4.2. Render-Layered Prompt Engineering
The output of Conceive is then converted into a stratified visual prompt that conveys mood, object, and style reference. Students learn prompt grammar (role, context, instruction, format) explicitly, as modelled by the teacher. AI operates as the picture creator. The Render stage rests on a small but growing corpus of scholarship on the teaching of prompt engineering (Park & Choo, 2025; Liu & Chilton, 2022).
4.3. Articulate-Critical Reflection on AI Outputs
The generated outputs are subjected to an organized process of critique that includes feedback from peers, the instructor, and the AI acting as captioner. Reflection is the dynamic part of the process that prevents superficial acceptance or rejection of AI-produced outputs. The concept draws on the practice of reflection in both design education and wider practice theory.
4.4. reFine-Iterative Re-Prompting and Manual Brushwork
Insights gained from articulation inform either a fresh start in Render (with changed parameters) or in Conceive (changing the emotion to convey). The reFine stage combines re-prompting with brushwork, positioning the human as an equal partner in the iterative process rather than as an editor of the resulting AI product. Within CRAFT, reFine forms the framework’s core commitment; however, evidence from drawing/painting labs is scarce, and the relevant data are mostly borrowed from neighbouring creativity tasks (Section 5.2).

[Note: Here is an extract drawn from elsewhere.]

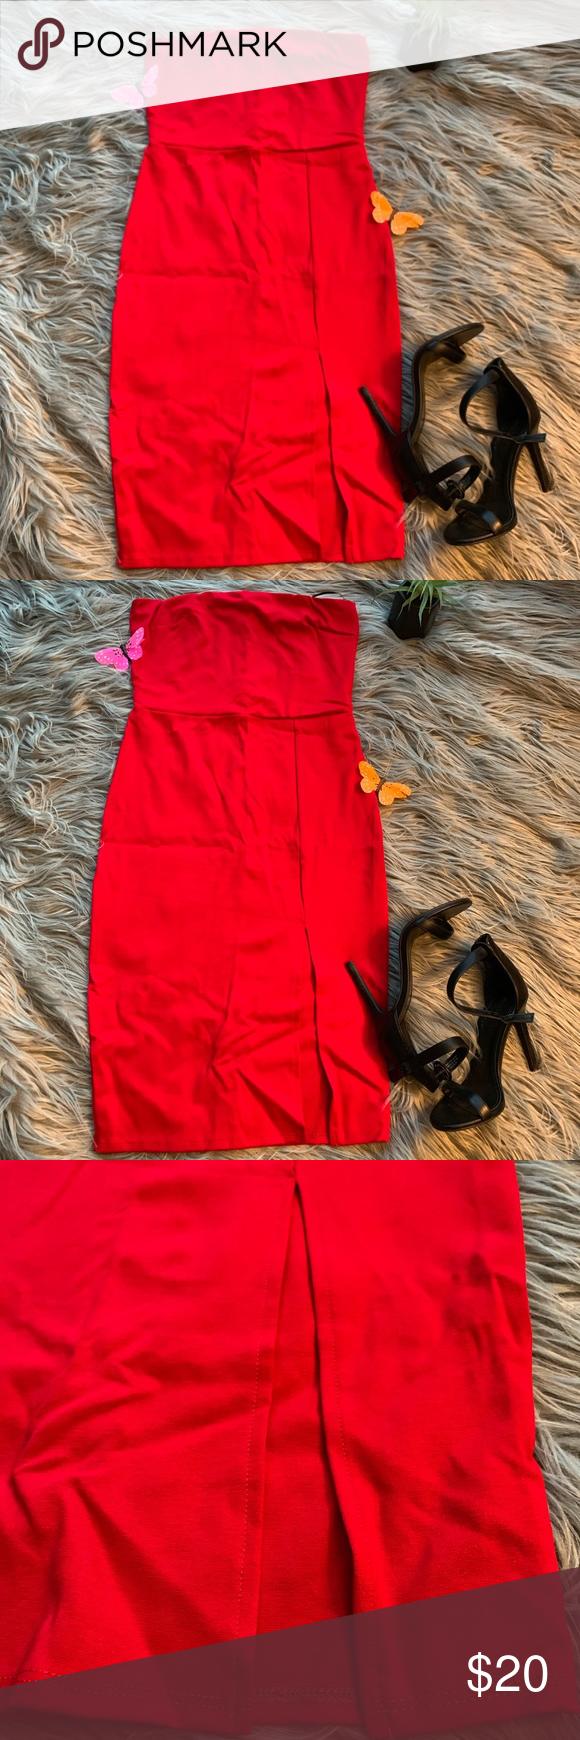 891c9bcf786 Fashion Nova Brady Tube dress M Fashion Nova Brady red strapless dress size  medium. Strapless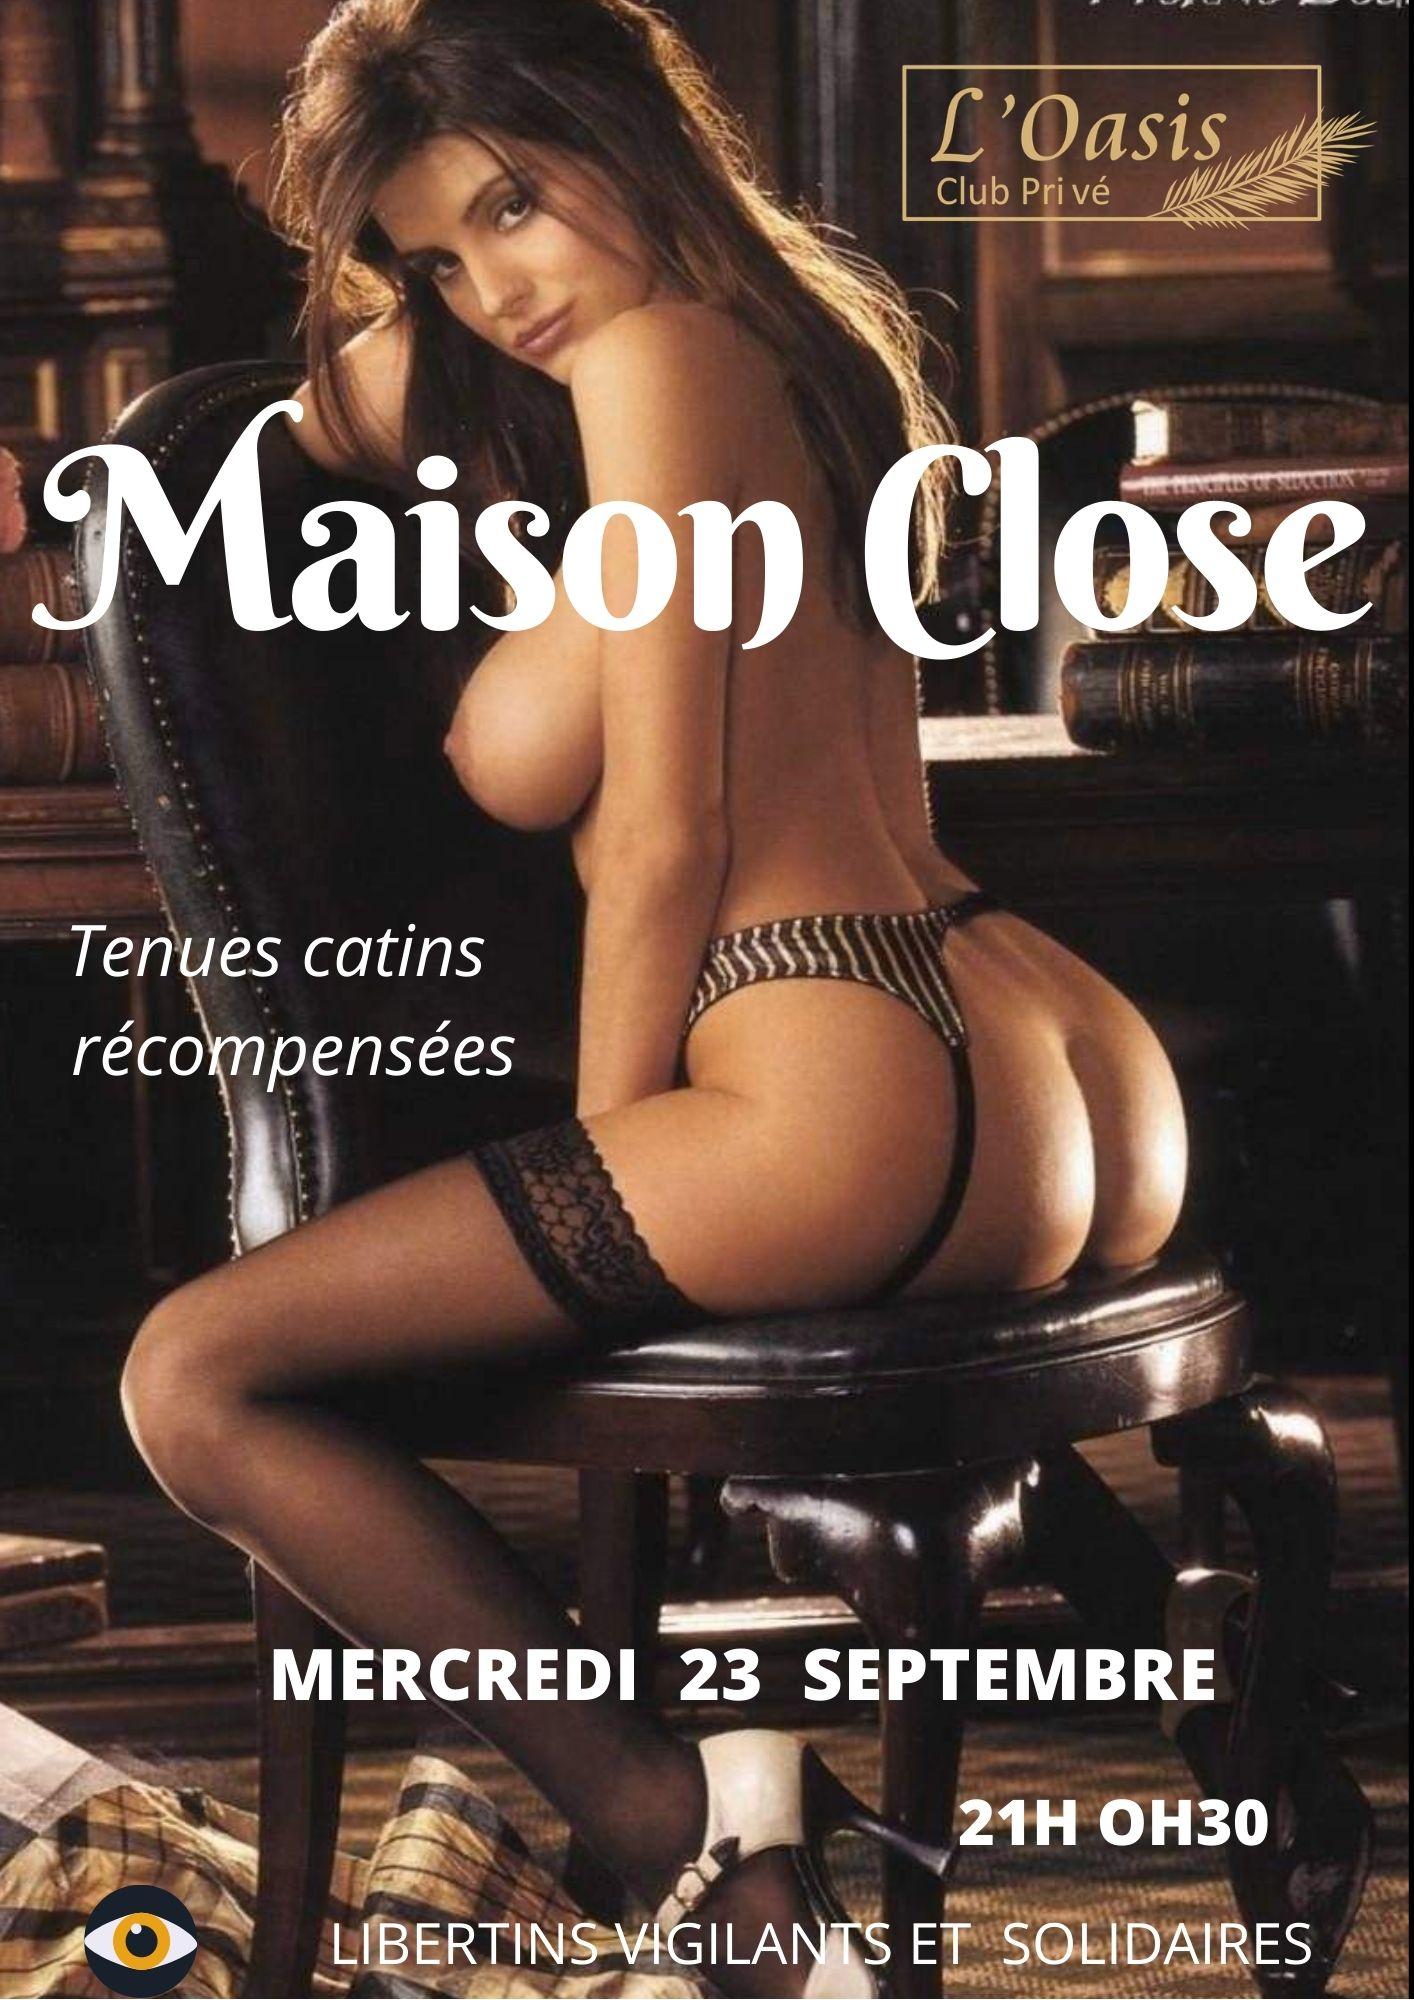 MERCREDI 16 SEPT MAISON CLOSE

4.5. Transmit-Curation, Statement-Writing, and Public Sharing
For closure, the process has students select certain works to curate, write artist statements, and distribute their outputs through a public exhibit or portfolio. The role of AI in this stage is documentation. As currently formulated, Transmit receives the least attention in the literature.
5. Results and Discussion
5.1. Overview of the Included Evidence Base
The ten included primary studies (eleven datasets) are summarized in Table 2. Among the studies that report a single participant count, sample sizes range from N = 10 (Ansone et al., 2025) to N = 405 (Zhuang & Li, 2025); several studies use cohort-, class-, or workshop-level designs for which Table 2 does not list a single headline N (Hwang & Wu, 2025b; Sáez-Velasco et al., 2024; Chiu & Hwang, 2025; Chen et al., 2025). Settings span K-12 (Vartiainen et al., 2025), higher-education studios and design courses (Hwang & Wu, 2025a, 2025b; Hiçyilmaz, 2025; Ansone et al., 2025; Sáez-Velasco et al., 2024; Chiu & Hwang, 2025; Chen et al., 2025), and an online experimental platform (McGuire et al., 2024). Designs include two-condition experiments (McGuire et al., 2024, Studies 1 and 2), pre/post quasi-experiments (Vartiainen et al., 2025; Chen et al., 2025), cross-sectional surveys with mediation analysis (Hwang & Wu, 2025a), structural equation models (Zhuang & Li, 2025), and small-sample qualitative studies (Hiçyilmaz, 2025; Ansone et al., 2025). Reported effect-size families differ across studies (Cohen’s d, Hedges’ g, β coefficients, mean differences); this heterogeneity, together with the single-coder mapping noted in Section 3.4, means the synthesis is interpretive and precludes pooled meta-analysis.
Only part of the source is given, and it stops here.